When we planned our trip we decided to visit Havana because that's where Charo lives.
I can't tell you how many times I called my Abuela and asked how she was and all she could tell me was "oh I was talking to Charo...." and "Charo says Hi...." and "Charo was telling me..."
I didn't know who Charo was, and didn't ask my Abuela, but I had my ideas. First of all, with a name like Charo she had to have big hair and big boobs, she had to wear tight clothes and sing and play guitar. Do a Google image search for "Charro", you'll see what I was thinking.
Abuela had two sisters and a brother, all of whom were much older than her; she was their mother's "surprise" late in life baby, the baby whose delivery killed their mother. This much I know..
I pieced together that Abuela's siblings-- Lilia and Monina and Pablo-- lead very different lives. Monina married but never had kids. Abuela's brother, Pablo, had one daughter, Milagro, who I fell in love with when I met her in Cienfuegos last year because she has my Abuela's eyes. Lilia married and had a son who came to the US and had several children.
Lilia's son came to the US and became a professor who had children who also became professors.
Lilia's a daughter, Charo, stayed in Cuba and still lives in Havana.
In my heart I knew this woman would not be the spitting image of the Charo from TV, but I had my hopes up pretty high.
There were several ways to travel the 100-odd miles from Cienfuegos to Havana but we decided the most convenient and flexible thing to do would be to hire Machete and his minivan. He didn't say how much this trip would cost, so Tita kept $200 in an envelope earmarked for the fare.
We woke up early (early for vacation time) on Wednesday and ran downstairs for our breakfast. Again there was food I would never dream of touching -- yogurts in pitchers, cookies that were hard like hocky pucks, bacon that looked boiled -- so we had our coffee and eggs and got back upstairs quickly. By this point I knew to not call eggs huevos but huevecitos, which translates roughly to "cute little eggies." My Spanish was getting better by the hour.
We dressed comfortably (translated: I didn't wear spanx) and filled our bags with gifts for Charo, snacks for the road, and a bottle of precious water (aguacita). Mom and I didn't know specifically but we had reason to understand that the four hour drive to Havana from Cienfuegos would entail no turnpike-like rest-stops, no fast food, no comforts we expect in Florida.

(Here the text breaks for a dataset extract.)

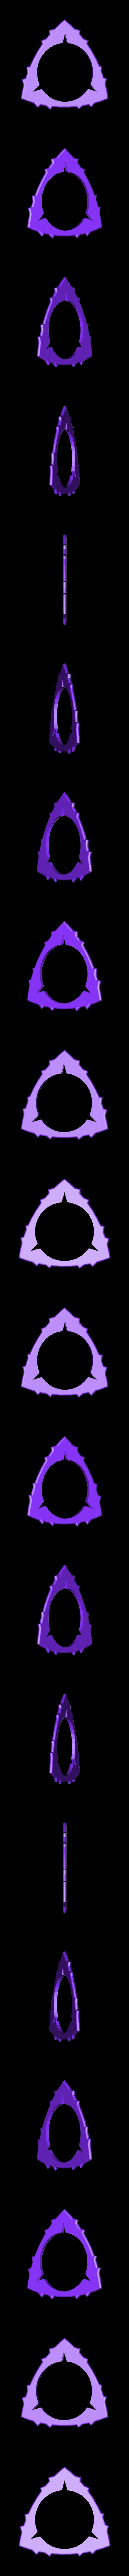 Triangle-Dent Flex-centerTriangle'Curve 06.stl Download free STL file Triangle-Dent Flex-centerTriangle'Curve • 3D printing object, carleslluisar

Finally ready we went downstairs to the lobby at Hotel L'Union and found Milagro and her grandson, Xavier waiting for us. I asked why he was coming ("doesn't he have school?" "is he trying to get another steak?") and found out he'd never been to Havana before. OK, fine, no one asked my permission but OK he had my blessing. The four of us -- Mom, Milagro, Xavier and myself -- piled into Machete's CUBATAXI Kia minivan (evidence that South Korea trades with Cuba, might I point out?) and spread out.
Machete had to fill his gas tank first, and took us to this state run gas station. To our left was a huge green Soviet looking tank; to our right was something that looked like a Yugo. I asked if people needed permission to buy gas and he said yes. I let that go; of course on an island with food and water and clothing shortages there would also be socialized, control gasoline.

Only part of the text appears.